И на том, и на другом берегу Ла-Манша, и во владениях короля Франции, и во владениях английского короля царило такое же возбуждение, как в те далекие времена, когда Людовик VII и Алиенора собирались в крестовый поход. Но ставка на этот раз была куда более серьезной, и обстоятельства намного более тяжелыми, чем сорок лет тому назад. При падении Эдессы сорок пять тысяч христиан были убиты или попали в рабство, и Северная Сирия оказалась беззащитной перед нападением турок. Но теперь дело обернулось еще хуже: сам Святой Город оказался во власти мусульман. Неужели, просуществовав столетие, слабое христианское государство, день за днем державшееся лишь ценой героического самопожертвования – такого, как подвиг умершего четыре года тому назад молодого, изъеденного проказой Иерусалимского короля, в последние годы своей короткой жизни приказывавшего относить его на поле битвы на носилках, – должно было исчезнуть? Но все к этому шло.

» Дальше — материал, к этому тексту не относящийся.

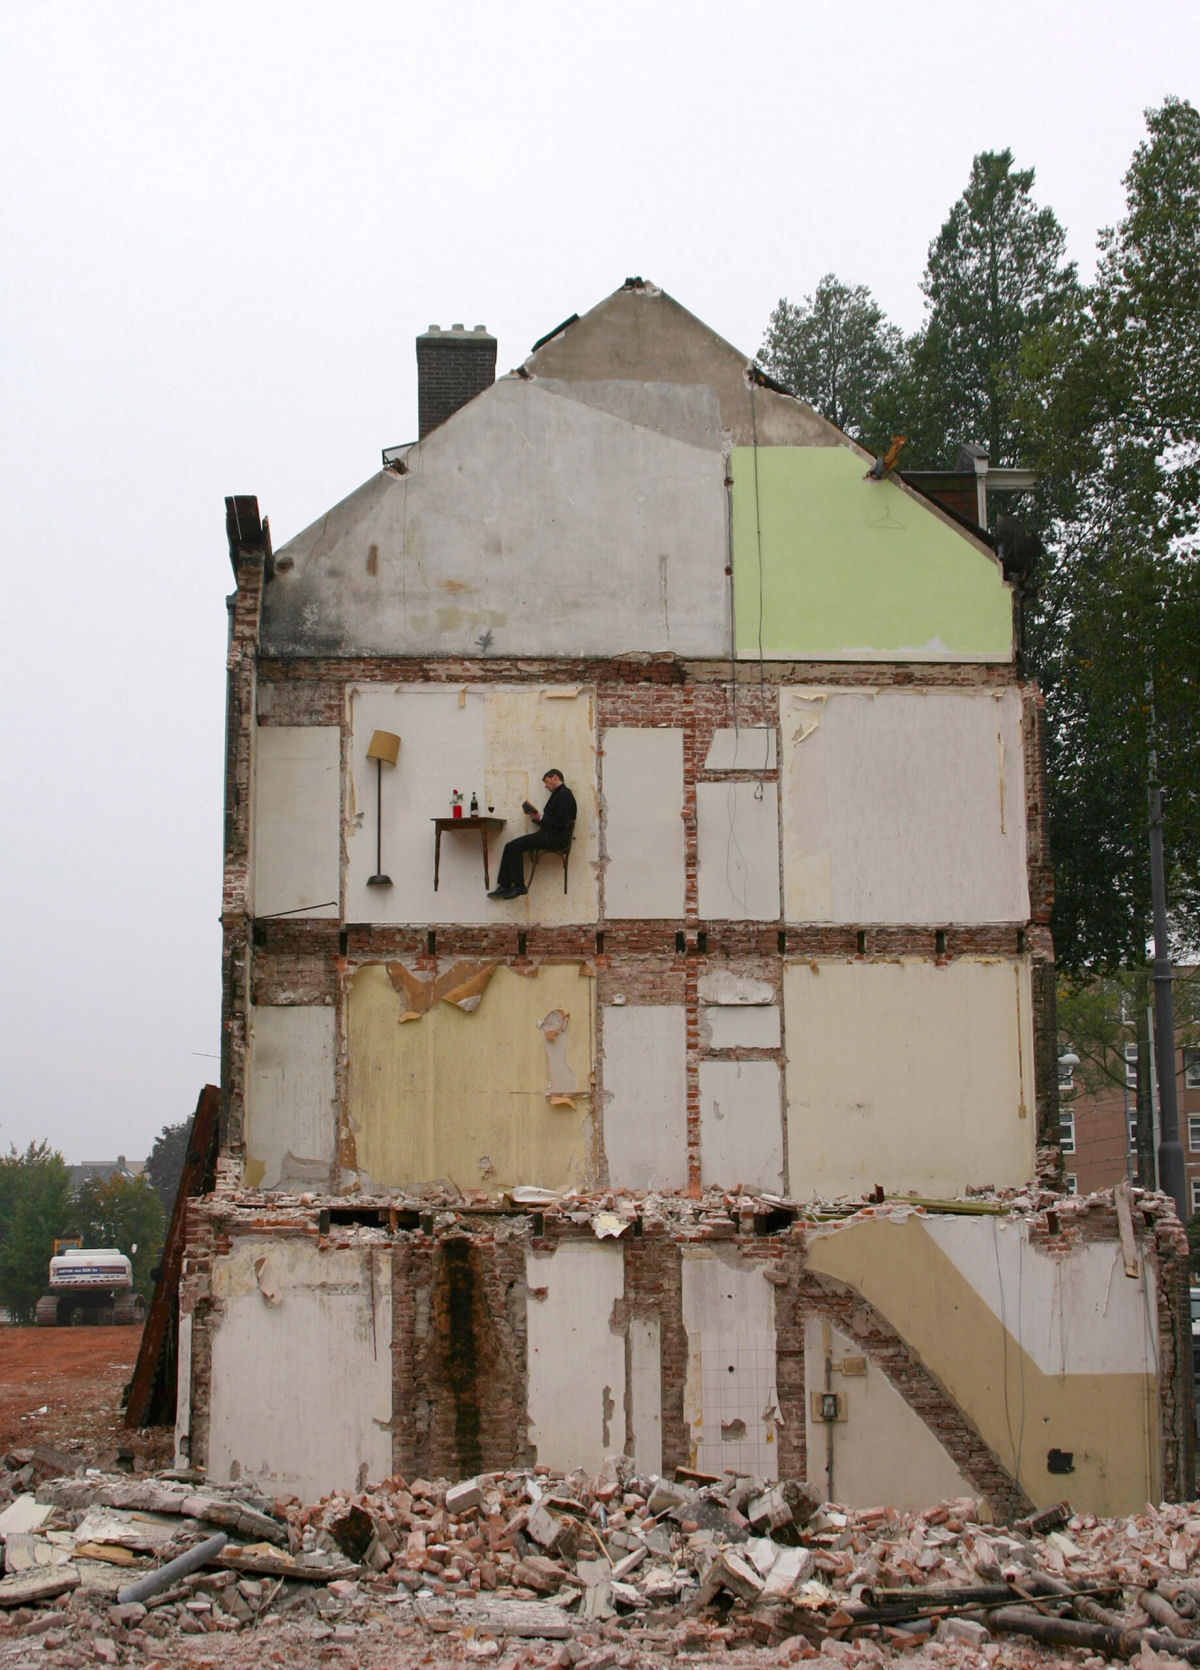 Artista performático vive cenas domésticas suspensas em edifícios em ruínas 03

Потеря Иерусалима означала, что на египетские и сирийские рынки длинной вереницей потянутся, под охраной мусульман, рабы-христиане. Больше месяца, со второго октября по десятое ноября 1187 г., день за днем продолжался страшный отбор, опустошавший Святой Город, изгоняя из него франкское население, и разрушавший семьи: слуги Саладина выпускали стариков и детей, но юношей и девушек оставляли между первой и второй городскими стенами. Таким образом, там набралось, по самым скромным подсчетам, от одиннадцати до шестнадцати тысяч обращенных в рабство молодых людей, из числа которых пять тысяч отправили в Египет, чтобы строить укрепления. И все же победитель, Саладин, проявил редкое великодушие: он действительно согласился на почетную для города капитуляцию, правда, лишь под угрозой, что все там будет полностью разрушено твердо решившим обороняться народом, – все, в том числе и мусульманская святыня, мечеть Омара. Гаттинское поражение почти лишило город защитников, но один из уцелевших в этой бойне сеньоров, Балиан д'Ибелин, наспех организовал сопротивление; он возвел в рыцарское достоинство шестьдесят горожан, превратив их тем самым в воинов, и, как ни слабо они были подготовлены, им все же удалось нанести поражение авангарду Саладина, который никак не ожидал подобного выступления и рассчитывал войти в открытый город. Поняв, что иерусалимские франки готовы на отчаянные поступки он, в конце концов, предложил побежденным освободиться за выкуп: десять безантов за мужчину, пять за женщину, один за ребенка. Но только двое из каждых ста франков, живших в Иерусалиме, располагали подобной суммой (один безант был равен примерно двенадцати франкским золотым монетам). Балиан добился того, чтобы самых бедных освободили за общую сумму: семь тысяч человек за тридцать тысяч безантов, которые выплатили, правда, лишь под нажимом, тамплиеры и госпитальеры. И Саладин, что с его стороны было очень благородно, прибавил к этому числу еще тысячу рабов, выкупленных им самим, и другую тысячу выкупил его брат, Малик Аль-Адил. Кроме того, он позволил остаться в Иерусалиме двум старикам, потому что на него произвел впечатление их преклонный возраст: одному из них было больше ста лет, он уцелел со времен первого крестового похода, того, который начался на Западе в 1096 г. и закончился три года спустя завоеванием Святой земли.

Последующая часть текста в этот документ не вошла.